The tour was just what Jack needed. The kids liked her nickname, the adults appreciated her knowledge about the migratory patterns of herons, and even the otters seemed to be on their best behavior. Jack’s gaggle of kayaks traveled quickly upriver, most of them pausing at the narrow beach by Kirby Park, where harbor seals clustered to sleep the day away. The boy and his dad in kayak 33 went farther, exploring the mouth of one of the fingers of the slough. The couple in kayak 9 was obsessed with sardines, taking picture after picture of the shimmering schools swarming the kelp beneath their hull.
The wind picked up, and Jack corralled everyone into the bright line of smooth water that would take them back to the marina. She got all her boats moving west, except 33. The father and son. Jack looked around and frowned. Where were they?
Shifting her weight to a crouch, Jack squinted across the water. She saw their kayak over in the mud flats, bobbing in place. Were they stuck? Jack signaled to the rest of the group to wait and started paddling across the slough.

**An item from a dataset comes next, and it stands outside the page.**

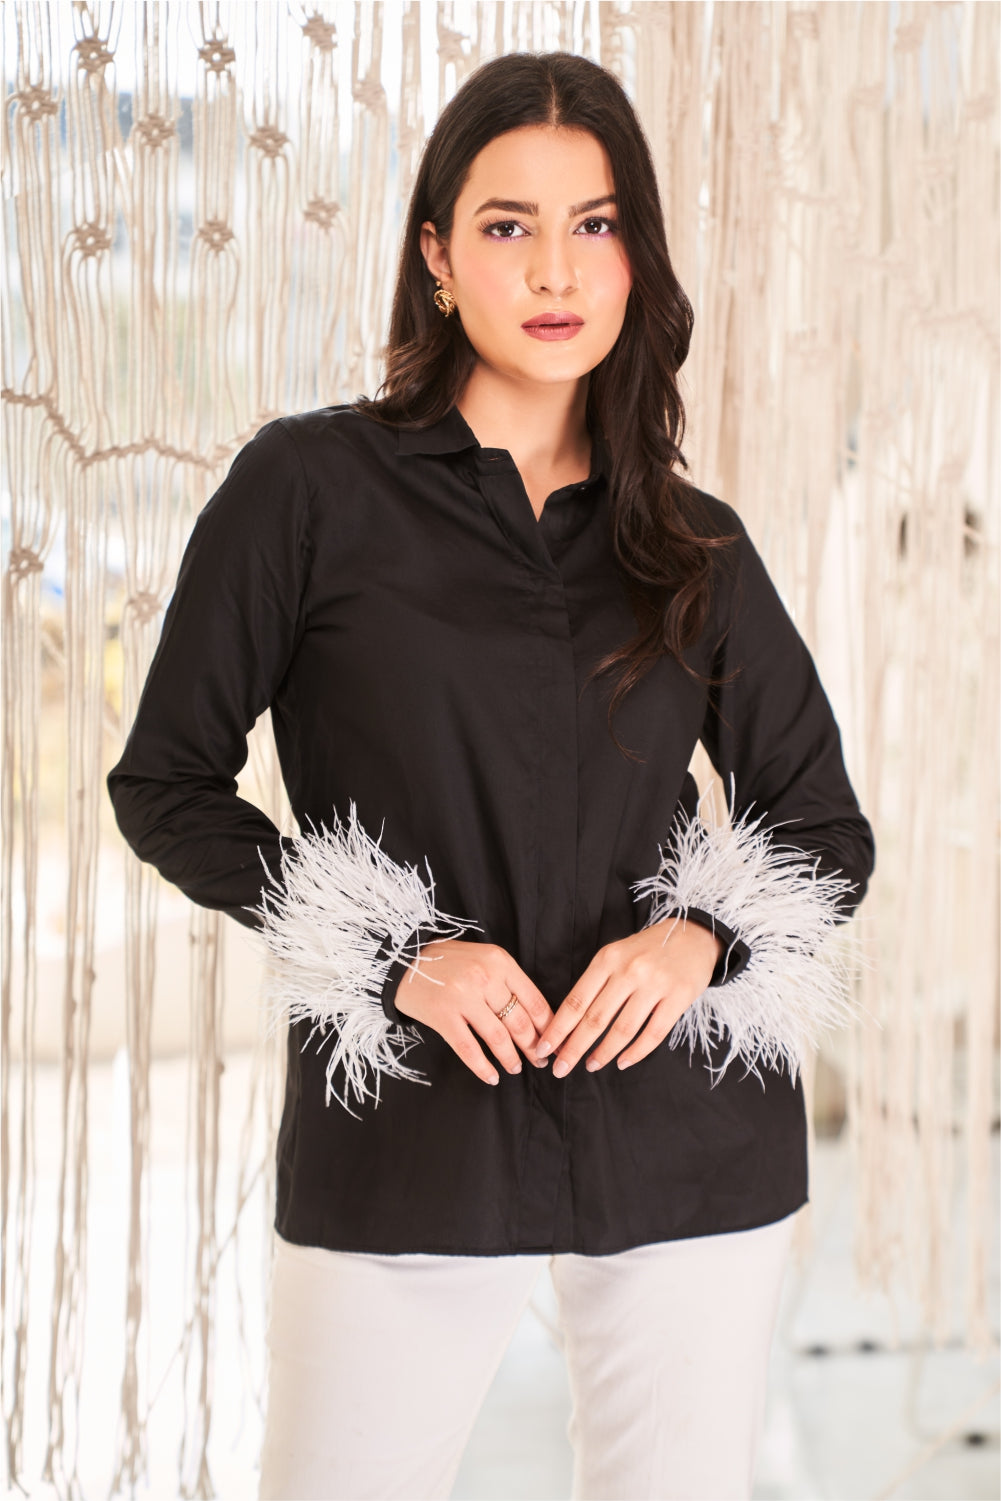 Black Shirt With Feathered Sleeves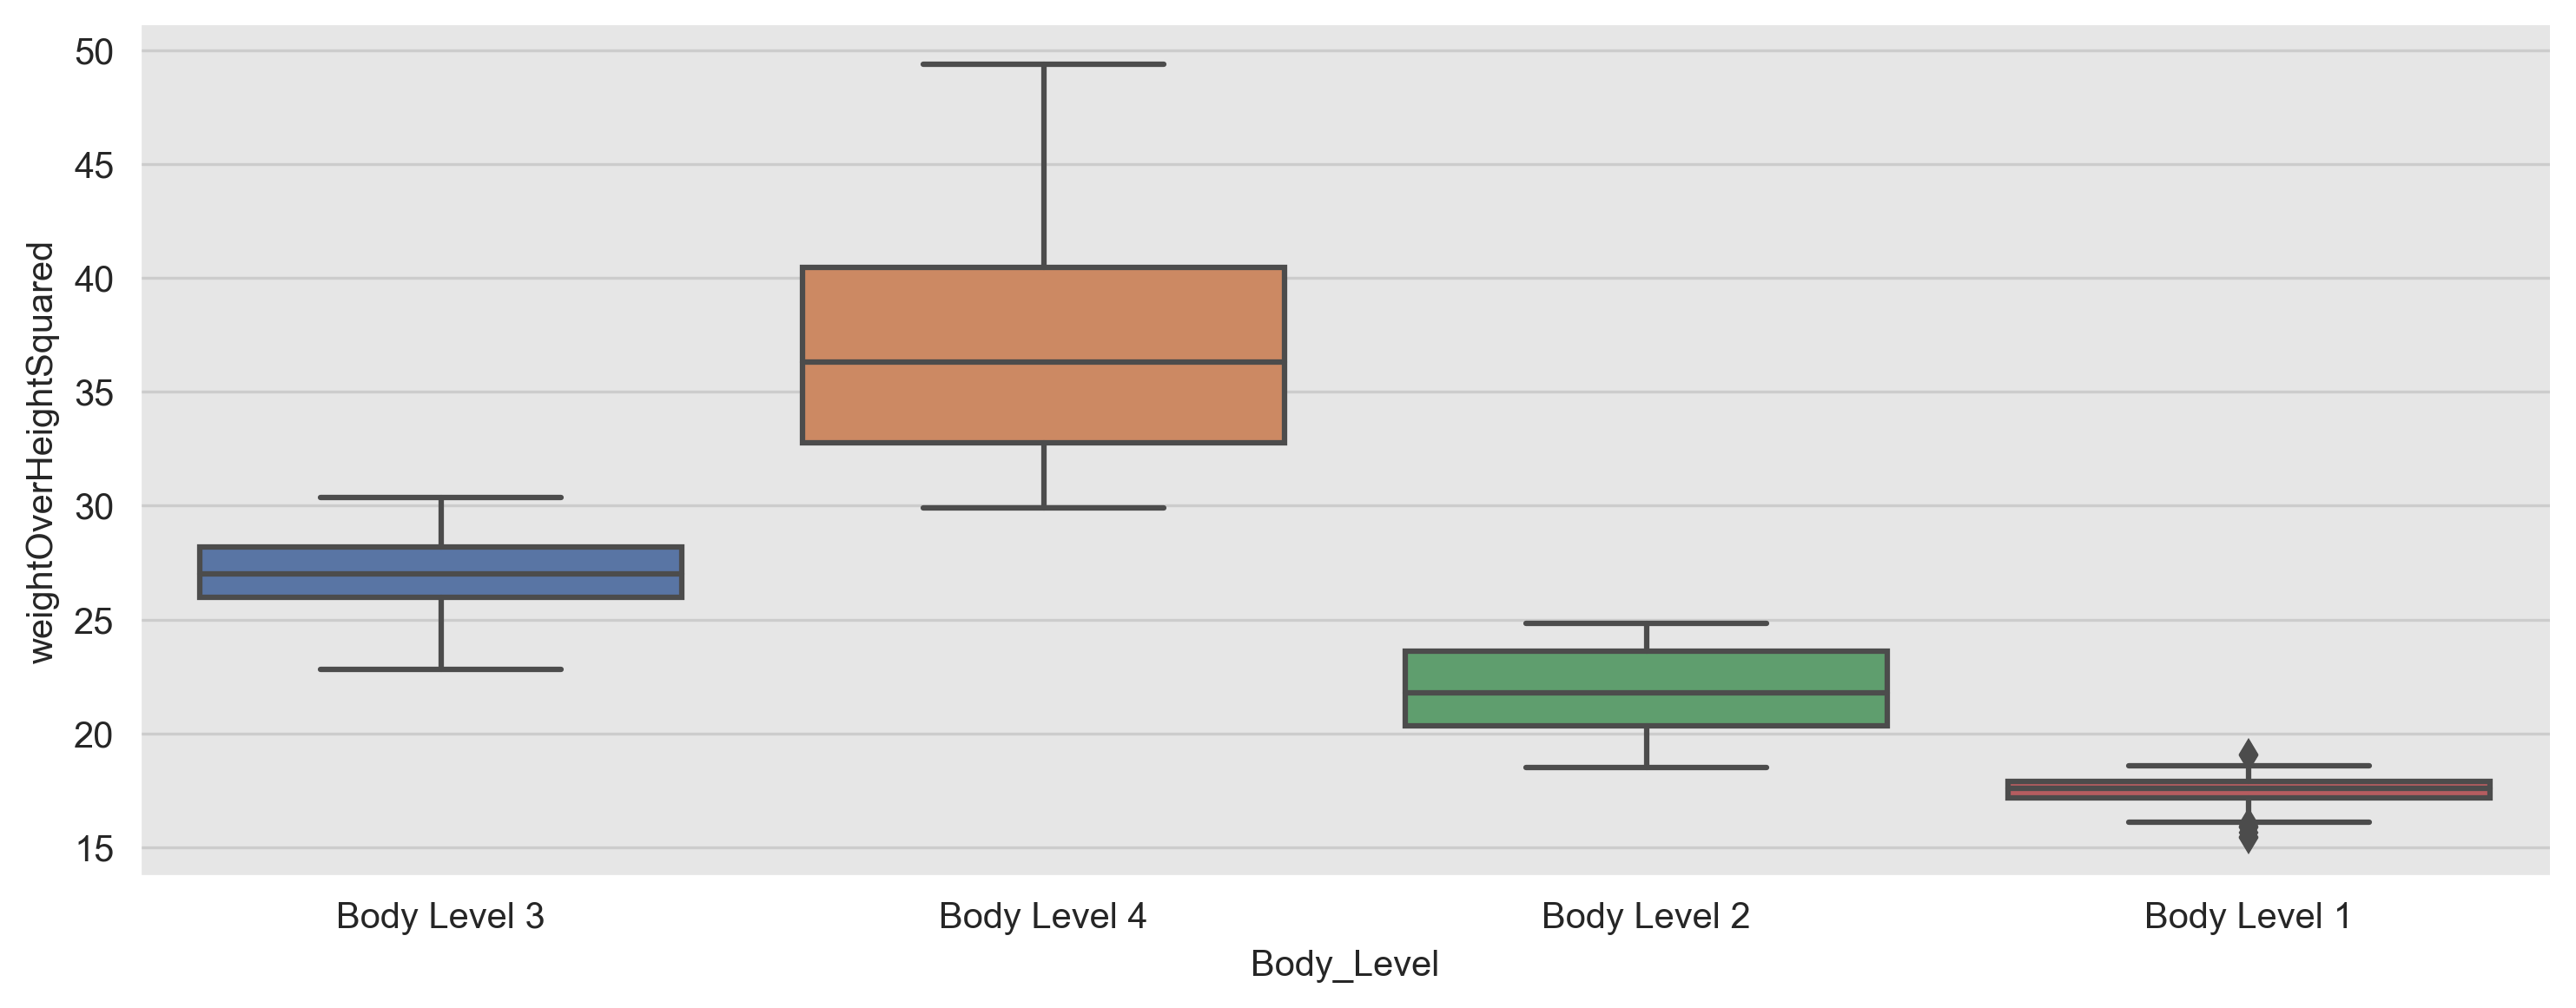 Body Level vs Weight over Height Squared

The dad was out of the kayak, down in the shallow muck. The kid was looking over the side, rocking the boat. Had they lost a paddle?
“TINY!”
The kid was yelling.
Jack took sharp, decisive strokes to close the distance between them. They looked okay, not bleeding or anything, but anchored in place. Maybe they got too curious and a jellyfish stung one of them. Jack moved faster, using her feet to nudge the first aid kit out from between her legs as she windmilled her paddle forward.
“TINY! TINY!!”
The kid was screaming something awful now, like a high-strung foghorn. Jack came right up alongside them, the kid’s voice unrelenting, the sound of it drowning out the chatter of the birds overhead.
“Tiny.” The dad’s voice cut through his son’s screams. “Look.”
There, floating in the muck where the culvert hit the slough, was a person. A mud-covered balloon of a person. Facedown in the water. Not moving. Kelp-ruffled pullover, dark pants, hiking boots. And a red Kayak Shack life jacket.
Jack dropped into the frigid mud and charged forward, one hand on her kayak, one reaching out in front of her, as if to steady herself in the water.
“Hello?” she yelled. Even in her wet suit and booties, she felt numb. “Are you okay?”
No response. Closer up, she saw long brown hair swirling around the head.
Jack took a deep breath, reached forward, and grabbed one of the straps on the life jacket to flip the person faceup. It was a man. She didn’t recognize him. Or maybe she did. Was he on her tour? When had he fallen in?
She told herself to breathe, to push aside the questions and focus on what was in front of her. The man needed her help. Jack tried to attempt resuscitation right there in the marsh, but as she started to unclip his life jacket, she realized there was no way she could manage chest compressions with everything bobbing around. She had to get him to the bank.